In a multi-agent system, only one agent is active at a time (per bridge). The active agent receives frames from the bus. Inactive agents exist but don’t process frames. Every agent has an active property that defaults to True. In handoff scenarios, voice agents should start with active=False so only one is active at a time — the parent then activates the first one explicitly. You control which agent is active using three methods:
MethodWhat it does
activate_agent(name, args)Activate another agent
deactivate_agent(name)Deactivate another agent
handoff_to(name, args)Deactivate self, then activate the target
handoff_to() is the most common — it’s a single call that transfers control from the current agent to another.

Building a handoff system

Let’s walk through how the two-agent handoff works. You need three pieces:

1. A main agent with a bus bridge

The main agent owns the transport (audio I/O) and places a BusBridgeProcessor in its pipeline instead of an LLM. The bridge routes frames to whichever LLM agent is active:
from pipecat_subagents.agents import BaseAgent
from pipecat_subagents.bus import BusBridgeProcessor

class MainAgent(BaseAgent):
    def __init__(self, name, *, bus, transport):
        super().__init__(name, bus=bus)
        self._transport = transport

    async def build_pipeline(self) -> Pipeline:
        stt = DeepgramSTTService(api_key=os.getenv("DEEPGRAM_API_KEY"))
        tts = CartesiaTTSService(api_key=os.getenv("CARTESIA_API_KEY"))

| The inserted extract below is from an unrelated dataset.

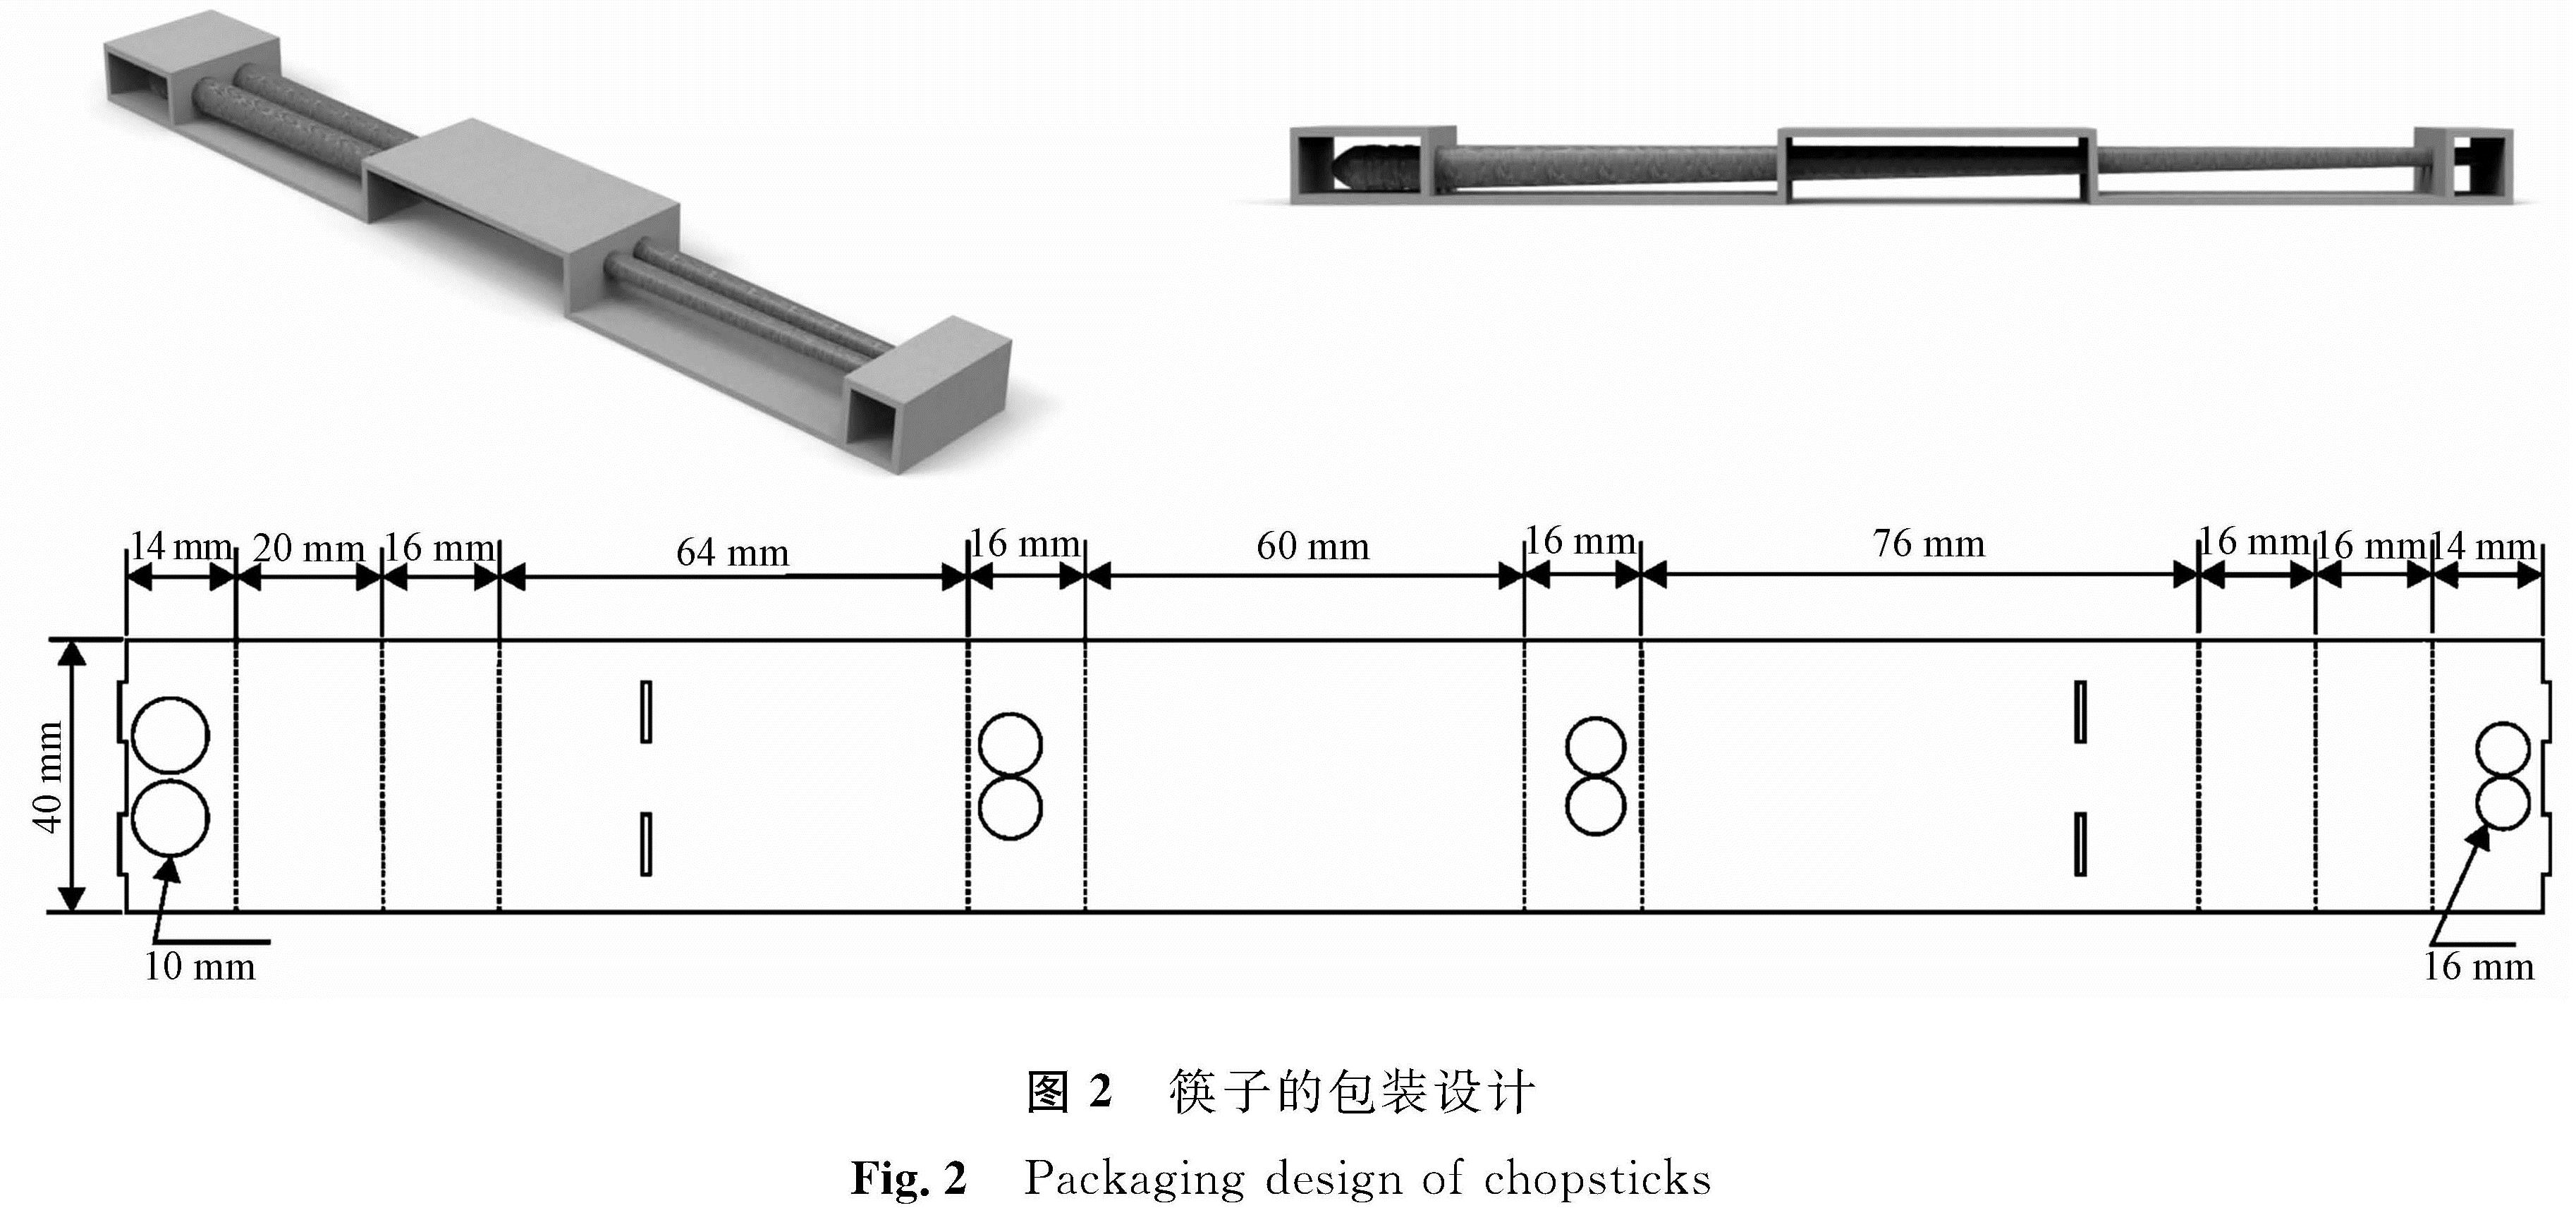 图2 筷子的包装设计<br/>Fig.2 Packaging design of chopsticks

        context = LLMContext()
        context_aggregator = LLMContextAggregatorPair(
            context,
            user_params=LLMUserAggregatorParams(vad_analyzer=SileroVADAnalyzer()),
        )

        bridge = BusBridgeProcessor(bus=self.bus, agent_name=self.name)

        return Pipeline([
            self._transport.input(),
            stt,
            context_aggregator.user(),
            bridge,                        # Where the LLM would go
            tts,
            self._transport.output(),
            context_aggregator.assistant(),
        ])

2. LLM agents with bridged=()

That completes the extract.